It’s now Tuesday night in Perth, Western Australia, and day two of Re:Invent but its only 7am Tuesday morning in Las Vegas (yes, I’m 16 hours in the future). Here’s my thoughts on the releases thus far:

100 GB/s networking in VPC

The ENA network interface was previously limited to 25 Gb/sec per instance on the largest instance types. Indeed, its worth noting that most network resources are limited to some degree by the instance size within an instance family. But now a new family – the C5n instances – have interfaces capable of up to 100 Gb/sec (that’s 12.6 GB/s – little b is bits, big B is bytes).

Much has been said about network throughput, and the comparison between ENA and SR-IOV in the AWS Cloud, and comparisons to other Cloud environments. 100 Gb/s now sets a new high bar that other vendors are yet to reach.

While its wonderful to have that level of throughput, its also worth noting that scale-out is still sometimes a good idea. 100 instances at 1 GB/s each may provide a better solution sometimes, but then again sometimes a problem doesn’t split nicely between multiple server instances. YMMV.

Transit gateway

Managing an enterprise within AWS usually a case of managing multiple AWS accounts. The ultimate in separation from a console/account level sometimes reverts to integration questions around network, governance and other considerations.

In March 2014 (yes, 4 and a half years ago), VPC service team introduced VPC Peering, a non-transitive peering arrangement between VPCs – non-throttling, no single point of failure way of meshing two separate VPCs together (including in separate accounts).

This announcement now gives a transitive way (hence the name) of meshing a spread enterprise deployment. There’s multiple reasons for doing so:

  • Compliance: all outbound (to Internet) traffic is deemed by your corporate policy to funnel via a centralised specific gateways.
  • Management overhead: organising N-VPCs to mesh together means creating (N-1)*N/2 peering arrangements, and double that number for routing table entries. If we have 4 environments (dev, test, UAT and Production), and 10 applications in their own environments, then that’s 40 VPCs, and 780 peering relationships and 1560 routing table updates.

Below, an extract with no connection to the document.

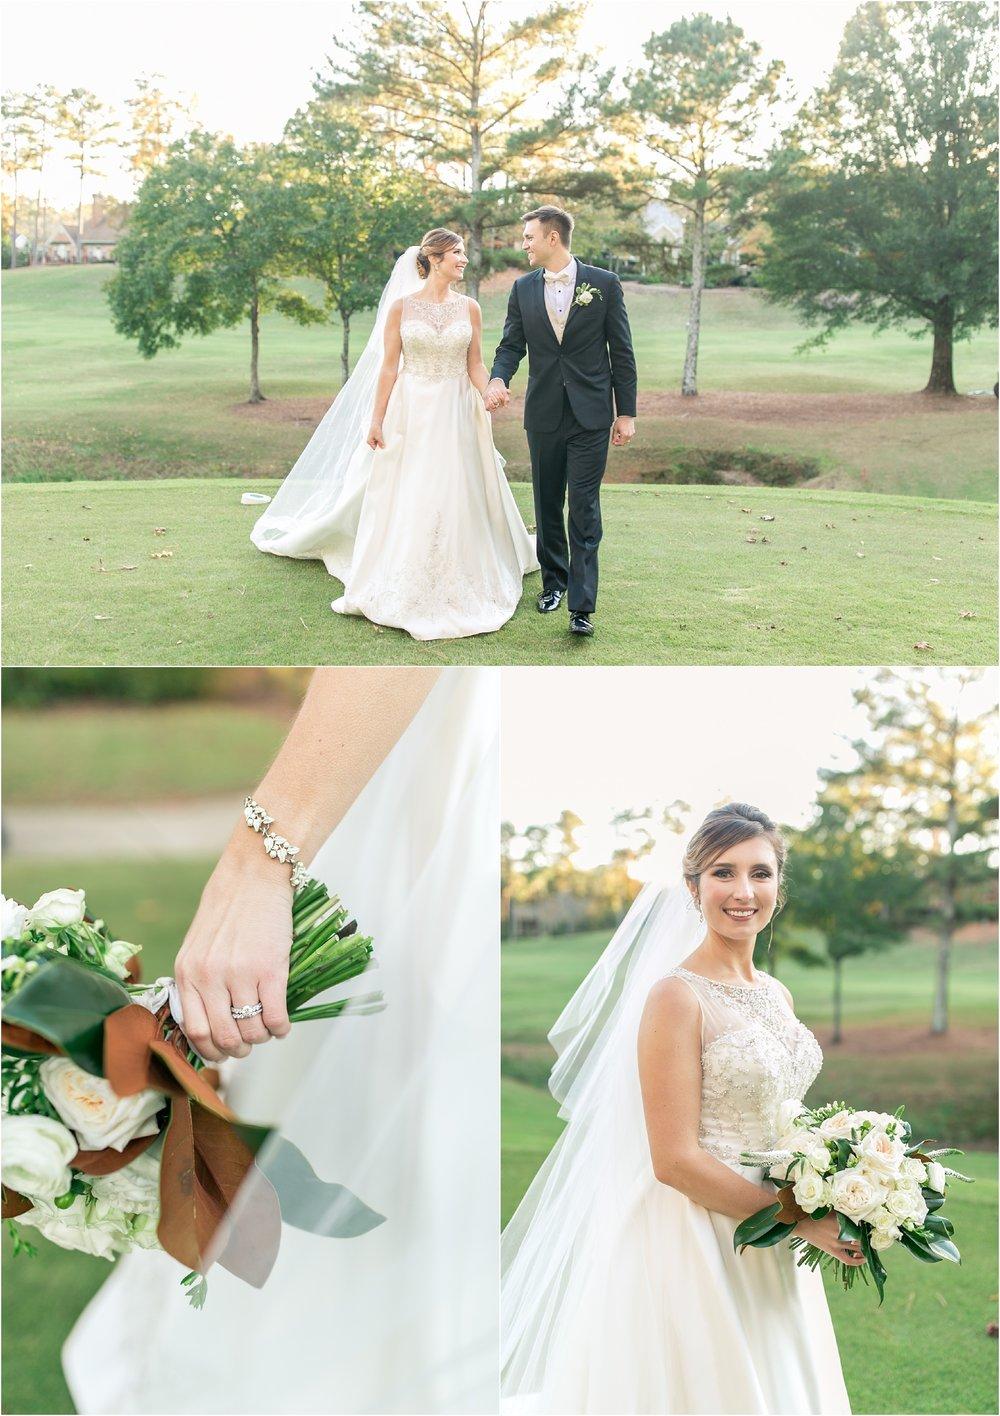 Savannah Eve Photography- Bottiglion-Scope Wedding- Sneak Peek-47.jpg

Its worth noting that in some organisations, an accounts administrative users may themselves not have access to create an IGW for access to the internet; a Transit gateway may be the only way permitted for connectivity so it can be centrally managed.

But in taking central management, you now have a few considerations:

Blast radius. If you stuff up the Transit gateway configuration, you take down the organisation. With separation and peering, each VPC is its own blast radius.

  1. Cost: Transit gateway isn’t free. You probably want to permit S3 Endpoints for large volume object storage
  2. Throughput: 50 Gb/s may seem a lot, but now there are 100 Gb/s instances

ARM based A1 Instances

In 2013, when I worked at AWS, I spoke with friends at ARM and AWS Service teams about the possibility of this happening. The attractiveness of the reduced power envelope, and cost comparison of the chip itself made it already look compelling then. This was before Windows was compiled to ARM – and that support is only strengthening. Its heartening now to see this coming out the door, giving customers choice.

Earlier this month we saw an announcement about AMD CPUs. Now we have three CPU manufacturers to choose from in the cloud when looking to run Virtual Machines. Customers can now vote with their workloads as to what they want to use. The CPU manufacturers now have more reason to innovate and make better, faster or cheaper CPUs available. When you can switch platforms easily (you do DevOps, right? All scripted installs?) then its perhaps down to the cost question now.

Now, recently it was announced there will be a t3a. Wonder if there will be a t3a1?

Compute in the cloud just got even more commodity. Simon Wardley, fire up your maps.

S3 improvements (lots here)

Gosh, so much here already.

Firstly, an admission that AWS Glacier is no longer its own service, but folded under S3 and renamed as S3 Glacier. There’s a new API for glacier to make it easier to work with, and the ability to put objects to S3 and have them stored immediately as Glacier objects without having to have zero day archive Lifecycle policies.

SFTP transfers – finally, a commodity protocol for file uploads that simple integrators can use, without having to deploy your own maintained, patched, fault-tolerant, scalable ingestion fleet of servers. This right here is the definition of undifferentiated heavy lifting being simplified, but with a price of 30c/hour, you’re looking at US$216 before you include any data transfer charges.

Object Lock: the ability to put files and not be able to delete them for a period. For when you have strict compliance requirements. Currently can only be defined on a Bucket during Bucket creation.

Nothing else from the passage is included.